8,000 inmates released to ease risk

8,000 inmates released to ease risk

(Bangkok Post file photo)
(Bangkok Post file photo)

The Department of Corrections has suspended jail sentences for more than 8,000 inmates nationwide to ease overcrowding in prisons during the Covid-19 pandemic.

Pol Col Naras Savestanan, director-general of the Department of Corrections, said on Monday that they has sped up the process of granting suspended sentences or cutting the prison term for qualified inmates, including those facing minor offences and/or exhibiting good behaviour.

He said the number of inmates receiving suspended sentences for the period is twice the normal release rate.

A department source said no high-profile inmates or those who had committed serious crimes are eligible for suspended sentences.

Meanwhile, in Pathum Thani, 458 people imprisoned for violating the emergency decree between April 5-12 have been checked for symptoms of Covid-19 and confined to individual quarantine cells.

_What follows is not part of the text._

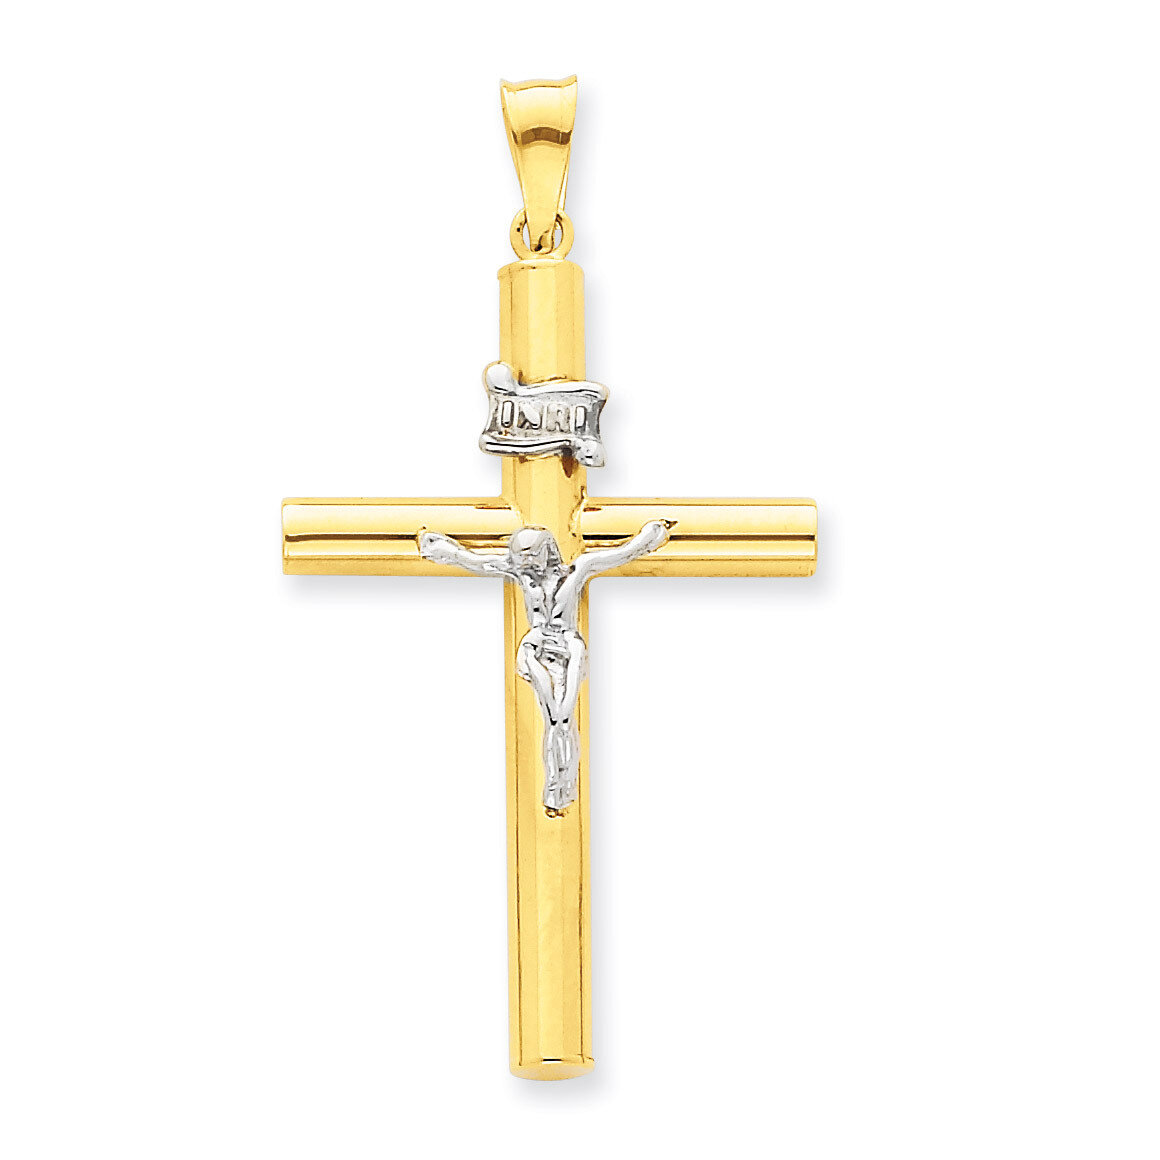 INRI Crucifix Pendant 14k Two-Tone Gold K3728

Pol Col Naras added that inmates exhibiting Covid-19-like symptoms who had recently been sent to Betong prison in Yala province on drug offences have tested negative for the disease.

In nearby Pattani, tests were performed on a number of sick inmates at the provincial prison after a quarantine period.

The department chief said there have no new Covid-19 infections among inmates since Monday.

Two inmates and one prison officer who were infected are undergoing treatment, he said, although he did not say what prisons they are from.  

Prisons nationwide say they have maintained a high standard of hygiene, and wardens report they are constantly on the lookout for any inmates who fall sick. 

Between October 2019 and March, 7,890 inmates were granted suspended sentences. They were released in two batches per month, said Pol Lt Col Prawut Wongsrinil, deputy director-general of the Department of Corrections.

Department of Probation chief Vittawan Sunthornkajit, meanwhile, said the inmates released after being given suspended sentences are required to report to provincial probation officers regularly; once every three months for those of advanced age and once a month for younger, healthier parolees.